Nothing good ever lasts

By Eino Holm

The lights are dim, kinda smoky even.  New Year's Eve, 1999, Crystal Mountain.  It's Noël, Chelsea, Peter, and me.  We're all acting like it's a normal night, that the world isn't going to end in a handful of hours, cos, well, why would it end on Pacific Standard Time if it didn't end, say, on Japan Central Standard Time earlier in the day?  We're all in various states of curiosity, though, if nothing else.  All around us are people we don't really know, even if we each know a handful of 'em a little bit in our own ways.  Peter and I had bumped chairs all Summer, Peter first with his head eight or twenty times on my 18th birthday back in June when the two of us were building that old, elevated, loooong ramp on Old 3 from whatever crunchy corn Bruce Engdahl brought up from the Back Traverse.  I don't think Peter'd ever really spent much time around chairs.  Maintenance was running the beautiful ol' '63 Riblet double to find any kinks they hadn't found during the short spring fix-it season.  For whatever reason, Peter couldn't grasp the fool-me-once adage.  I'd felt bad.  Anyway, this night, six months later, it was both light and dark, quiet and loud, quick and slow.

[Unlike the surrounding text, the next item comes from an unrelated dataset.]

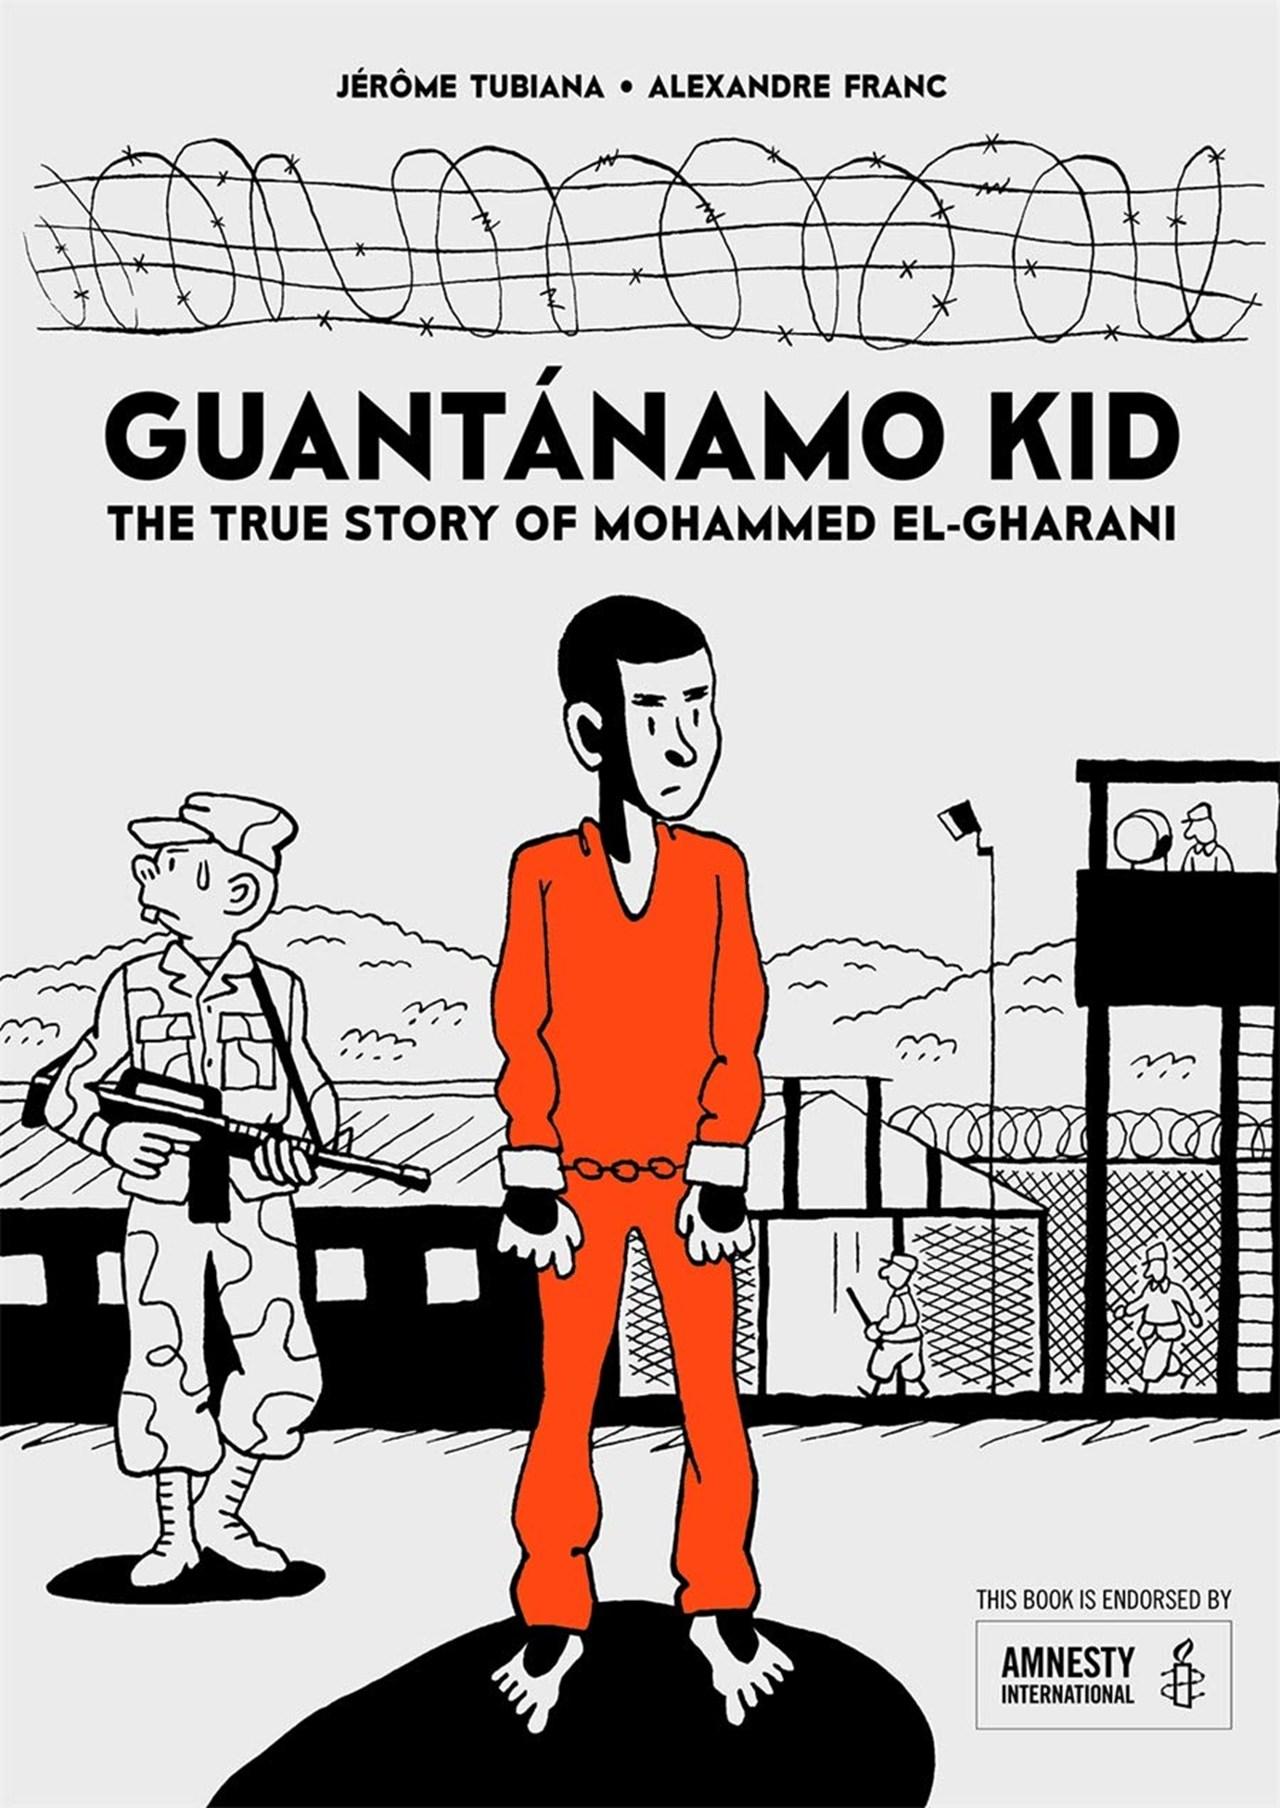 Guantanamo Kid: The True Story of Mohammed El-Gharani - 1

I asked Kim Rausch the next morning, just to confirm, and she said the two booms had been a 50 sack and a hundo.  Or whatever jargon she used.  ANFO, that slow-burn explosive that so nicely dovetails with a stick or two of DynoAP for avy control, makes one heck of a shockwave when Patrol sets off about 45 kgs at once.  I've experienced this twice, and the second was no less surprising than the first.  Kim said that even though they were on top of 70-odd inches of good snowpack that they'd controlled all season, they still brought up dirt.

Walking around the base area was a little surreal, orange light and crazed locals and all.  Griffin Eshpeter slid by us on the slickery* Boulevard heading down, fireworks already all boomed and ANFO all burnt, smoke still hanging above Silver Creek.  Maybe it was Alex Kemp, doesn't matter.  They didn't crash, and I don't know that whoever it was was actually drunk, despite appearances.  They were a year behind me in school, but my age.  (That shouldn't have mattered then, and it certainly doesn't today.)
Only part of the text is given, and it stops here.